How Performance Learning Put Me a Step Ahead in my Internship

by Rachel Happen, MBA ’13

Rachel Happen, MBA '13

Some of the most valuable experiences I have had at Johnson thus far have been through performance learning: working with a real client, presenting to a mock Board of Directors, or quickly mobilizing a team to research and respond to a question. Through these experiences, I earned the satisfaction of solving complex, real-world problems while building my confidence applying the methods I had learned in other classes.

The value of practical application was never clearer than when I was putting the lessons I learned in our Management Cases class to work during my internship. This past summer I worked as a Strategy Intern at SYPartners, a transformation company that provides design-smart consulting at the intersection of business, brand, and culture to leadership teams at Fortune 500 firms.

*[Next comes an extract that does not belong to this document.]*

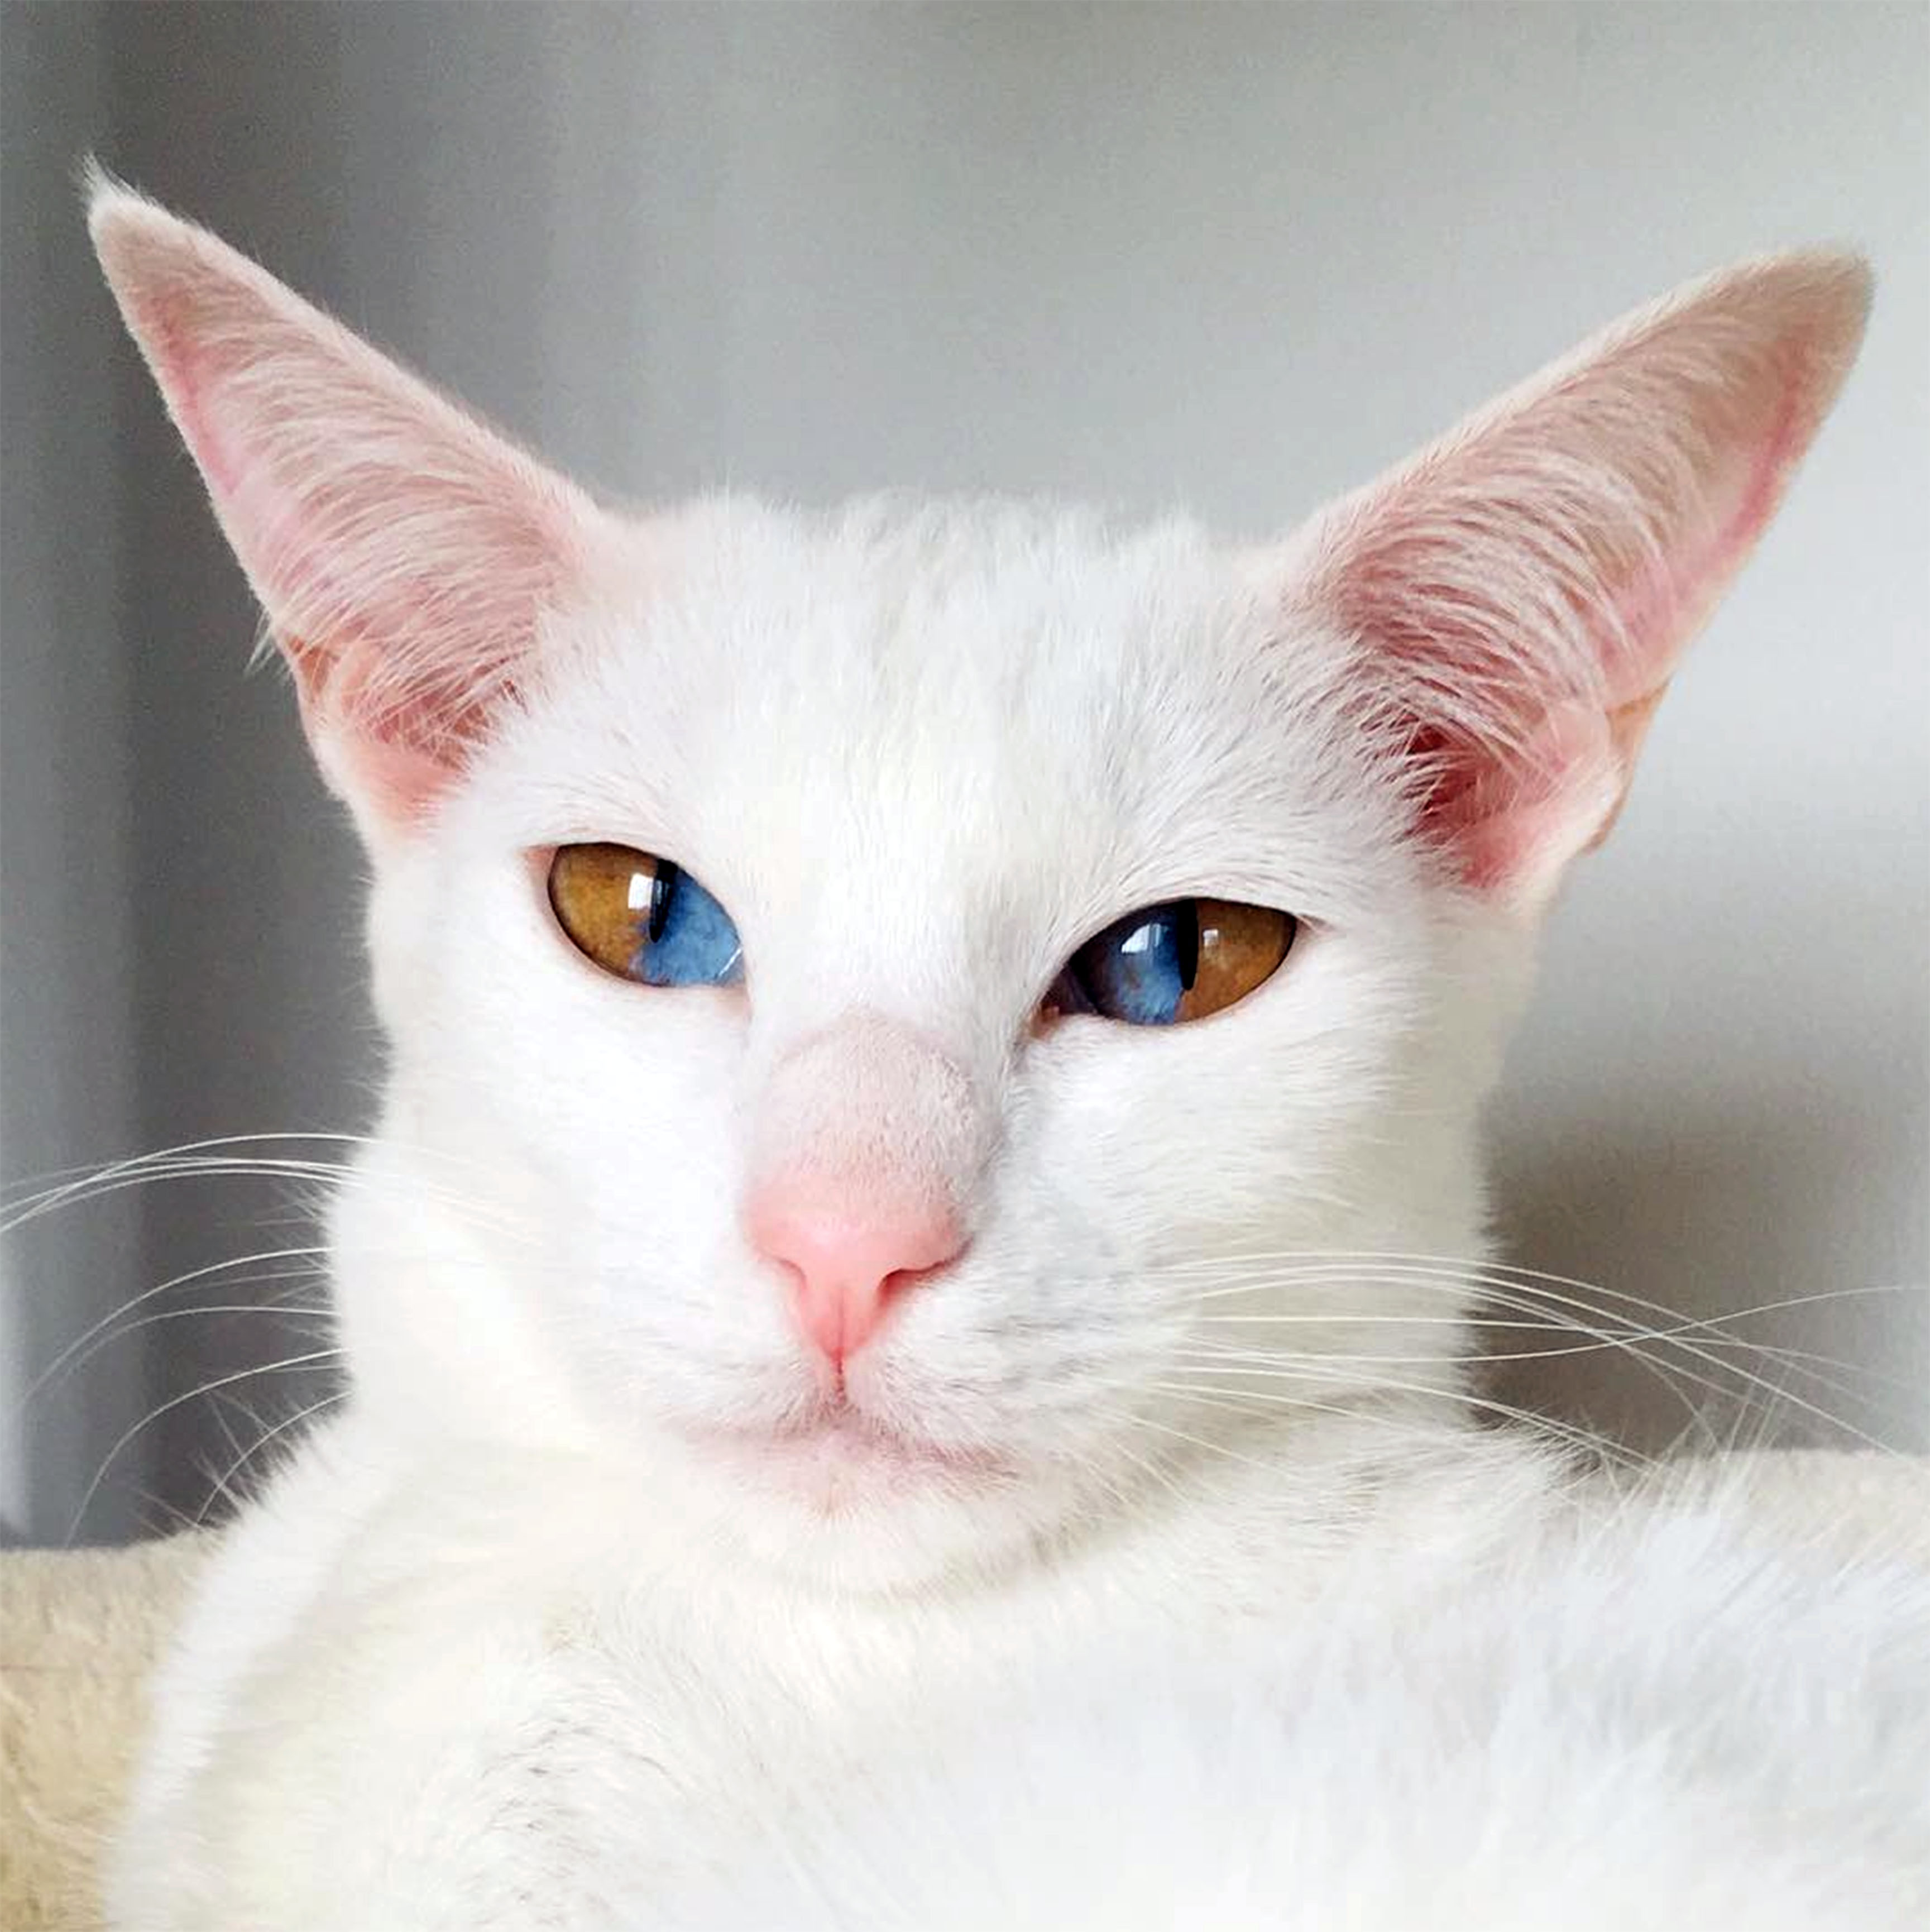 Meet This Stunning White Cat With Rare Condition That Has
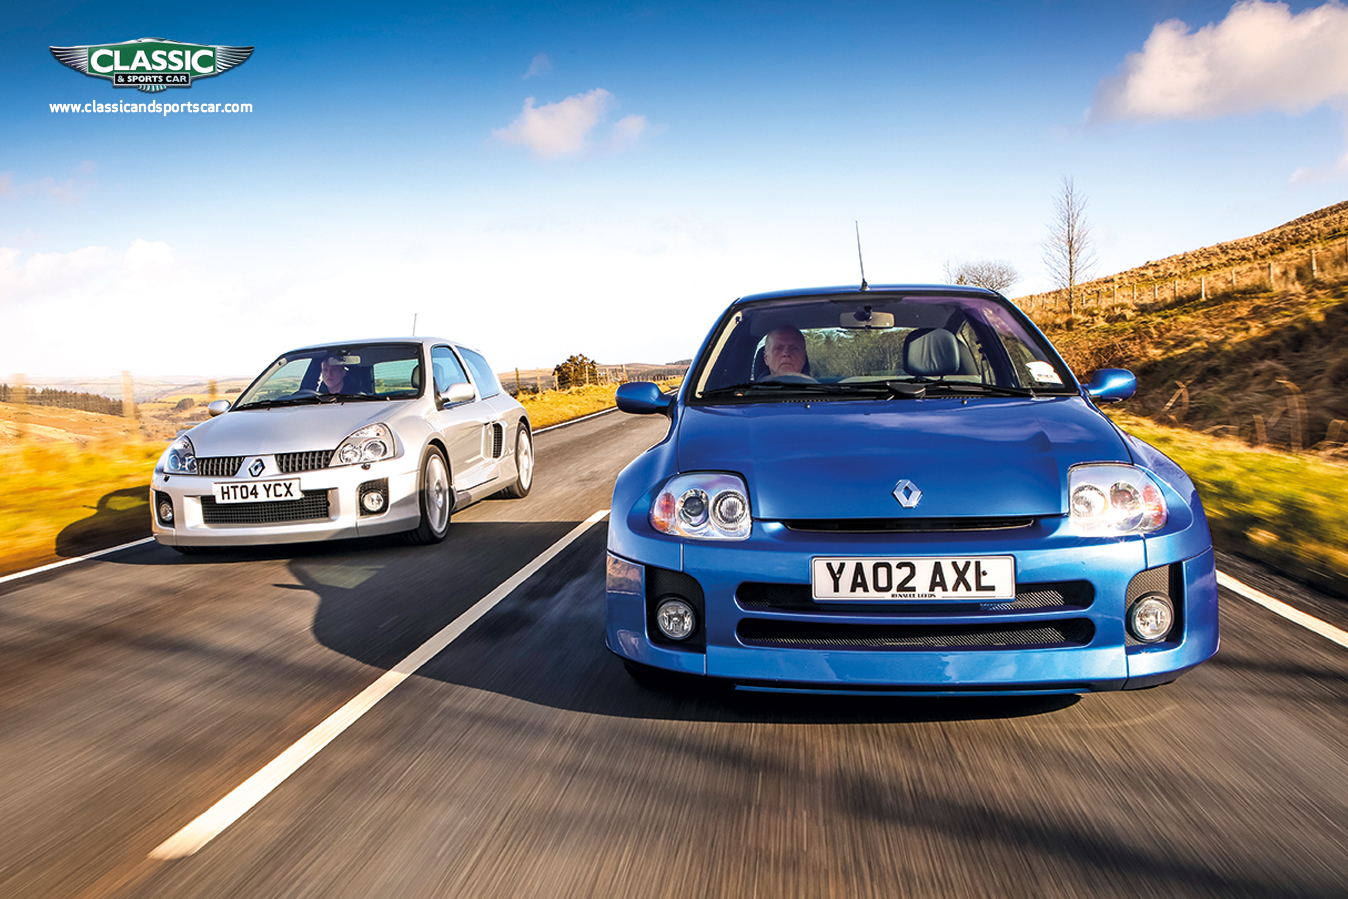 Renault_Clio_V6_wallpaper_Classic_and_sports_car_July_2018.jpg

During Management Cases, I tackled a new case each week on topics that spanned the breadth of possible business decisions: from market entry, to IPO, to organizational change. I dove into pages of market data, qualitative accounts, and financial statements to create clarity from chaos, and structure information in a mutually exclusive yet comprehensively exhaustive way. We also learned, by continuous application, the Minto method of structuring problems: clearly establish an organization’s current situation, identify the complications it faces that demand a response, highlight the key questions that will determine the path forward, and answer those questions with a recommendation for action.

During my internship, I worked as a strategist, collecting research, building frameworks, and prototyping client solutions. I spent a great deal of time working collaboratively with designers, production artists, and other strategists to translate my research and ideas into visually compelling booklets, curated environments, and guided experiences. Building familiarity with these new mediums and adapting the visual presentation of my work was a worthy challenge by itself. On top of that, I still needed to aggregate research, develop insights, and make strategic recommendations to my team. Luckily, I already had months of experience drawing out insights from data and framing ideas with a CEO’s perspective from the Management Cases course.

Having already practiced establishing clarity from disparate data in Management Cases, I was able to deliver clear, concise research and recommendations from day one of my internship. This jump-start allowed me to focus on the advanced skillsets, like graphic design, that were unique to my field and enhanced the impact of my work.

A few weeks into my internship, I realized the less obvious advantages of learning these problem solving techniques by actually applying them in a performance learning environment. Not only was I well-versed in frameworks and techniques that helped me shape my thinking, I also had experience working on tight deadlines with newly formed teams, anticipating and responding to objections, and adapting to shifting time constraints, audiences, and priorities.

So, this summer when a Principal asked me for a 30-second summary of the research I’d been collecting for weeks, delivering the key points in an orderly way felt like second nature. Fortunately for me, I’d already practiced presenting a succinct point of view dozens of times. Performance learning in valuable classes, like Management Cases, has been an invaluable bridge between the theory of my classes and the ambiguity of real-world application.